An open-source early-warning framework for near-real-time landslide risk prediction to prevent landslide fatalities around the world

The Problem(s)

Every year, landslides kill over 4,500 people globally, with developing nations bearing a large fraction of casualties despite having the fewest resources for prediction, prevention, and relief. This project develops an RFF LGCP model that can predict landslides at an hourly cadence using limited data, specifically designed for deployment in resource-constrainted regions of the world (namely, sub-Saharan Africa)

Current landslide prediction systems often fail or have limited utility in real-world deployment because they:

  • require massive amounts of high-quality data, which doesn't exist in vulnerable regions
  • ignore temporal effects that can accumulate over weeks
  • can't handle uncertain or missing location data
  • need heavy computational resources to run
  • generate too many false alarms, causing warning fatigue

Key Innovations

  1. Continuous Spatial Probability Fields (dropped a grid based approach in favor of modeling landslide risk as a continuous probabilistic distribution through log-gaussian cox processes parametrized via RFFs, saving parameters and allowing us to query risk at any location)
  2. Uncertainty-Aware Training (the model explicitly accounts for coordinate, labeling, & temporal uncertainties by weighting certain samples rather than discarding them, expanding usable training data and improving redundancy to real-world noise)
  3. Multi-Resolution Fusion (allows the elegant combination of data at different spatial resolutions without information loss (resolution invariance))
  4. Computational Efficiency & Transparency (training completes in under 8 hours on standard hardware; localized inference runs in under a minute + all data sources are open and freely accessible via primarily Google Earth Engine)

Citations

  1. Cooperative Open Online Landslide Repository (COOLR): Kirschbaum, D.B., Stanley, T., & Zhou, Y. (2015).
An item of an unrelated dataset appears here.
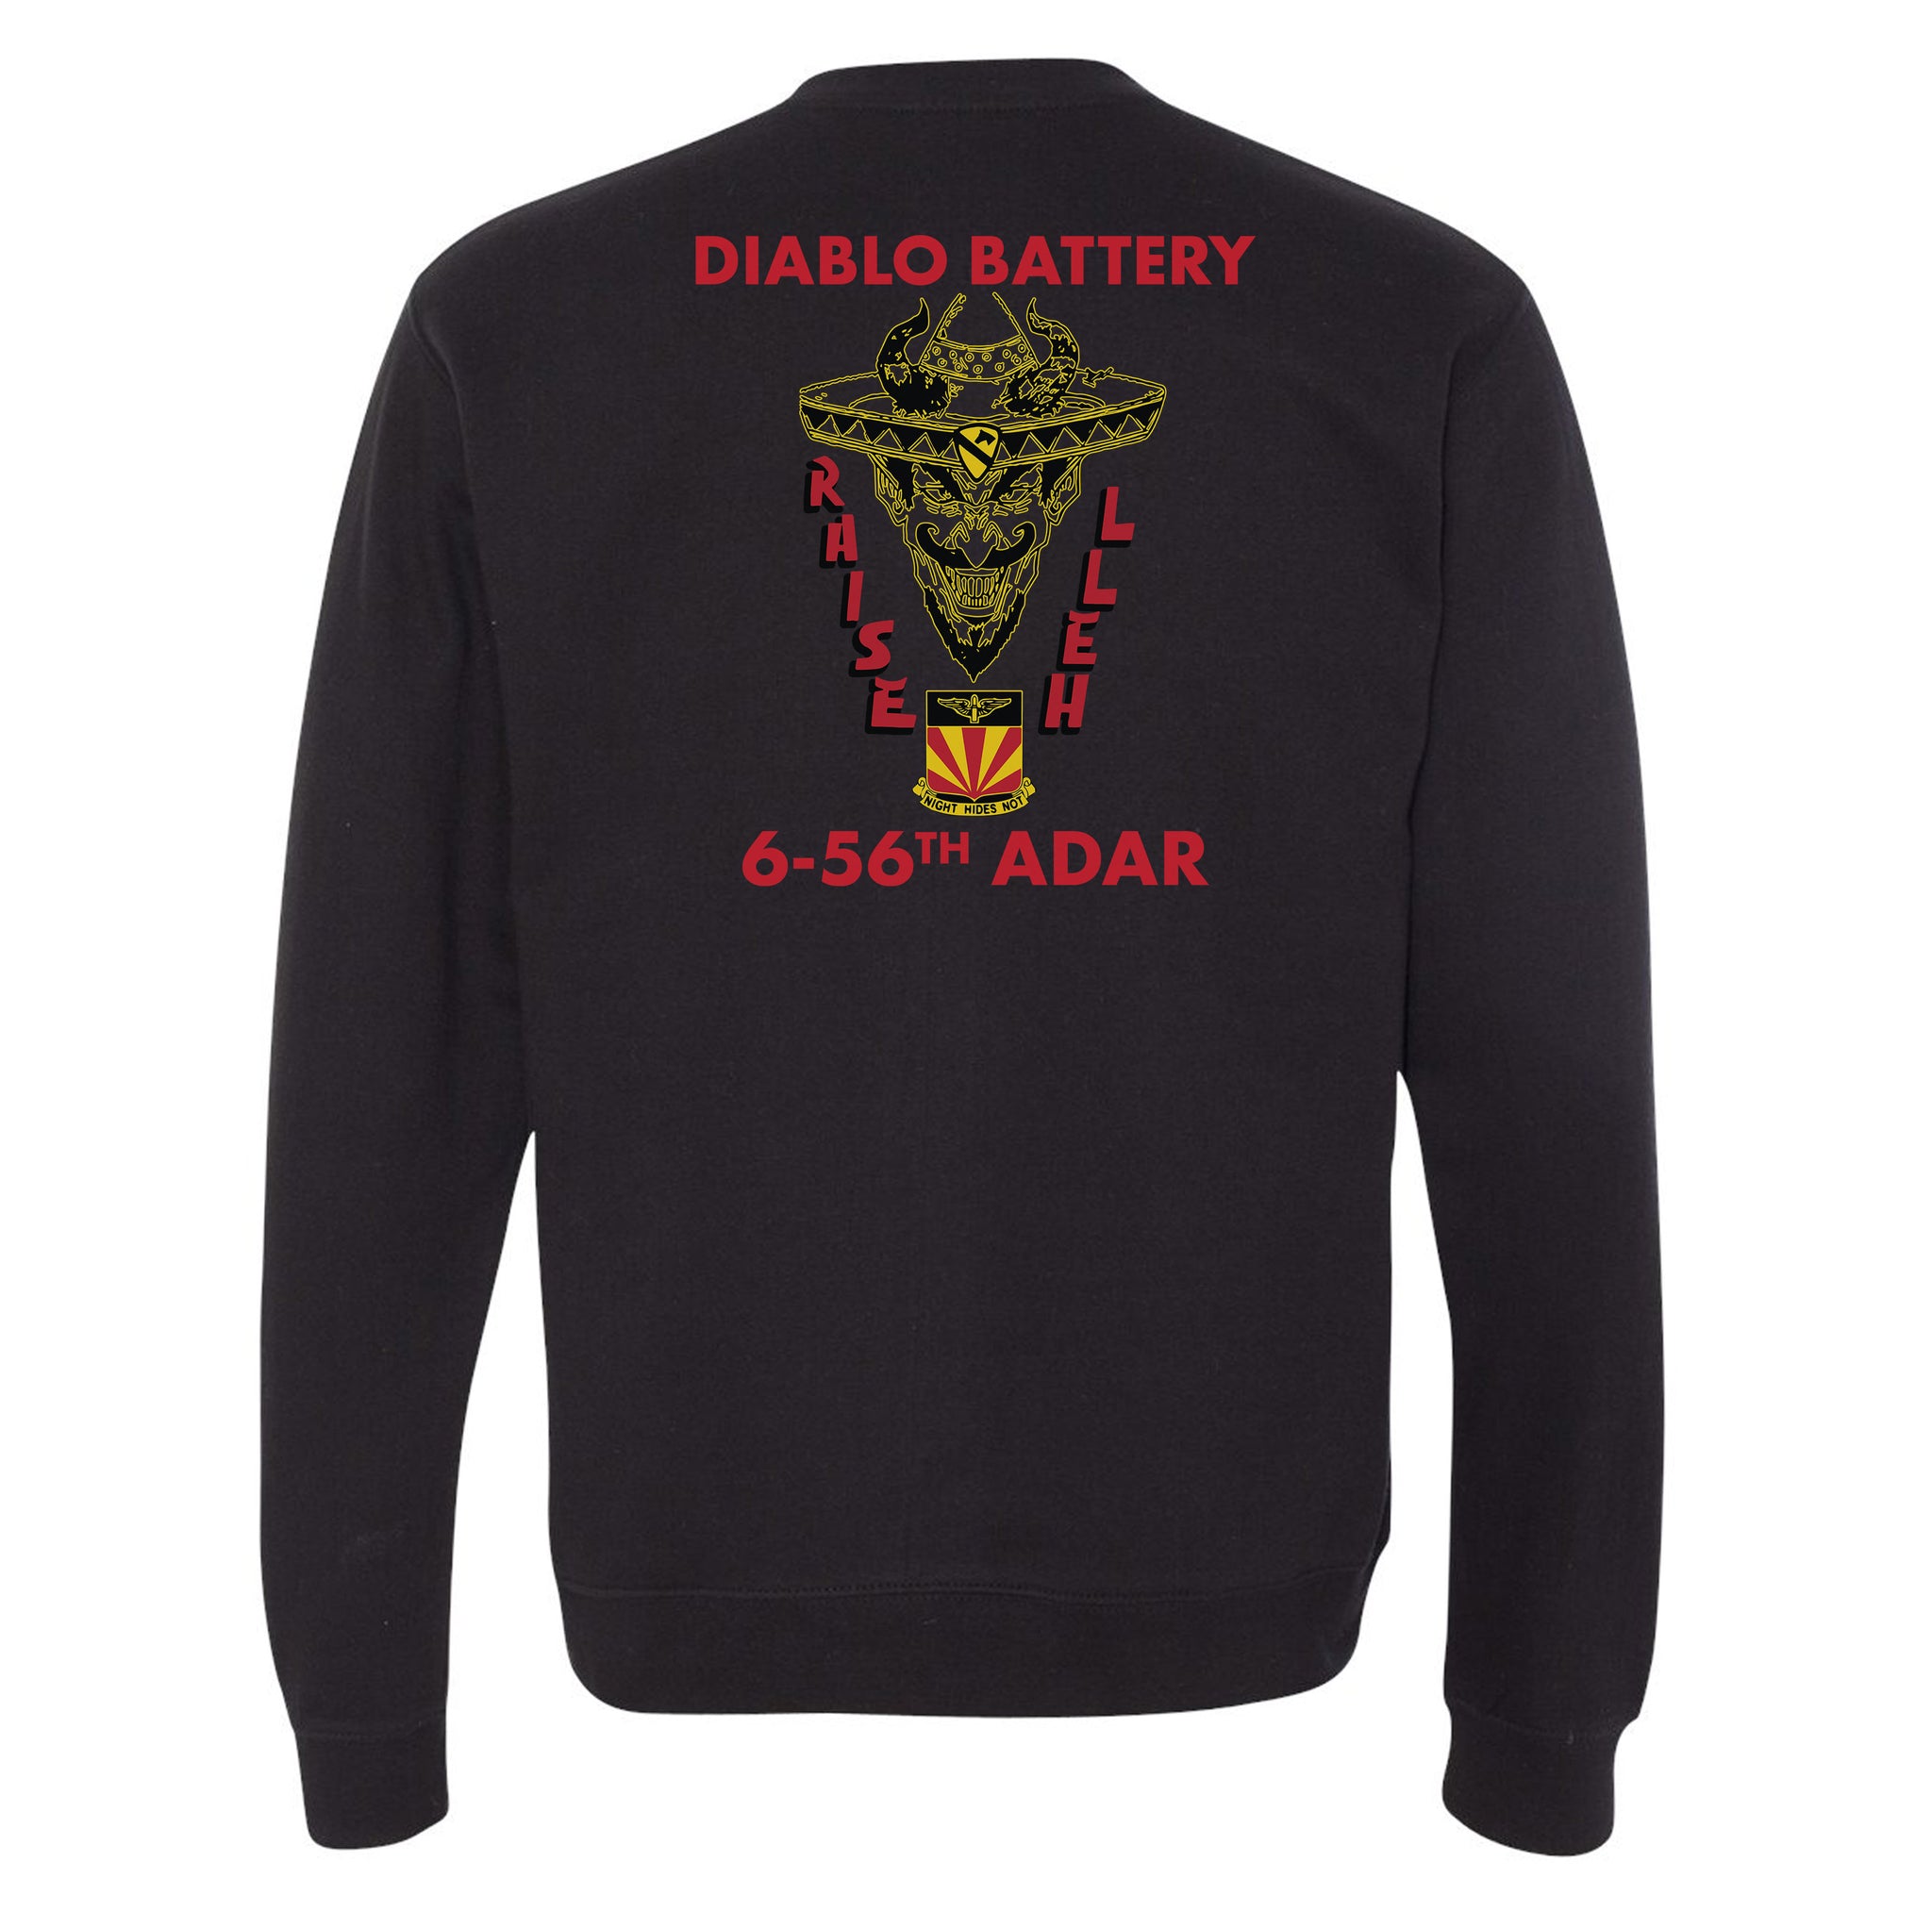 6-56 Diablo Battery Sweatshirt

Spatial and temporal analysis of a global landslide catalog. Geomorphology, 249, 4-15. doi:10.1016/j.geomorph.2015.03.016 Kirschbaum, D.B., Adler, R., Hong, Y., Hill, S., & Lerner-Lam, A. (2010). A global landslide catalog for hazard applications: method, results, and limitations. Natural Hazards, 52, 561-575. doi:10.1007/s11069-009-9401-4

  2. Global Fatal Landslide Dataset (GFLD, courtesy of Prof. Dave Petley): Froude, M. J. and Petley, D. N.: Global fatal landslide occurrence from 2004 to 2016, Nat. Hazards Earth Syst. Sci., 18, 2161–2181, https://doi.org/10.5194/nhess-18-2161-2018, 2018.

  3. NASADEM (courtesy of NASA / USGS / JPL-Caltech via GEE): NASA JPL (2020). NASADEM Merged DEM Global 1 arc second V001 [Data set]. NASA EOSDIS Land Processes DAAC. Accessed 2025-10-26 from doi:10.5067/MEaSUREs/NASADEM/NASADEM_HGT.001

  4. OpenLandMap Sand & Clay Content (courtesy of EnvirometriX Ltd via GEE) Tomislav Hengl. (2018). Sand content in % (kg / kg) at 6 standard depths (0, 10, 30, 60, 100 and 200 cm) at 250 m resolution (Version v02) [Data set]. 10.5281/zenodo.1476851 https://developers.google.com/earth-engine/datasets/catalog/OpenLandMap_SOL_SOL_CLAY-WFRACTION_USDA-3A1A1A_M_v02

  5. ESA WorldCover v200 (courtesy of ESA WorldCover Consortium via GEE) Zanaga, D., Van De Kerchove, R., Daems, D., De Keersmaecker, W., Brockmann, C., Kirches, G., Wevers, J., Cartus, O., Santoro, M., Fritz, S., Lesiv, M., Herold, M., Tsendbazar, N.E., Xu, P., Ramoino, F., Arino, O., 2022. ESA WorldCover 10 m 2021 v200. (doi:10.5281/zenodo.7254221)

  6. Global Precipitation Measurement (GPM, courtesy of NASA GES DISC at NASA Goddard Space Flight Center via GEE) Huffman, G.J., E.F. Stocker, D.T. Bolvin, E.J. Nelkin, Jackson Tan (2019), GPM IMERG Final Precipitation L3 Half Hourly 0.1 degree x 0.1 degree V06, Greenbelt, MD, Goddard Earth Sciences Data and Information Services Center (GES DISC), Accessed: 2025-10-26, doi:10.5067/GPM/IMERG/3B-HH/07

  7. ERA5-Land Hourly - ECMWF Climate Reanalysis (courtesy of Copernicus Climate Data Store via GEE) Muñoz Sabater, J., (2019): ERA5-Land monthly averaged data from 1981 to present. Copernicus Climate Change Service (C3S) Climate Data Store (CDS). (2025-10-26), doi:10.24381/cds.68d2bb30

  8. MOD13Q1.061 Terra Vegetation Indices 16-Day Global (courtesy of NASA LP DAAC at the USGS EROS Center via GEE) Didan, K. (2021). MODIS/Terra Vegetation Indices 16-Day L3 Global 250m SIN Grid V061 [Data set]. NASA Land Processes Distributed Active Archive Center. https://doi.org/10.5067/MODIS/MOD13Q1.061 Date Accessed: 2025-10-26

  9. MERIT Hydro: Global Hydrography Datasets (for upstream catchment area) (courtesy of Dai Yamazaki (University of Tokyo) via GEE) Yamazaki D., D. Ikeshima, J. Sosa, P.D. Bates, G.H. Allen, T.M. Pavelsky. MERIT Hydro: A high-resolution global hydrography map based on latest topography datasets Water Resources Research, vol.55, pp.5053-5073, 2019, doi:10.1029/2019WR024873

  10. SoilGrids 250m 2.0 - Volumetric Water Content (courtesy of ISRIC via GEE) Global mapping of volumetric water retention at 100, 330 and 15000 cm suction using the WoSIS database Turek M.E., Poggio L., Batjes N.H., Armindo R.A., de Jong van Lier Q., de Sousa L., Heuvelink G.B.M. (2023) International Soil and Water Conservation Research, 11 (2), pp. 225-239.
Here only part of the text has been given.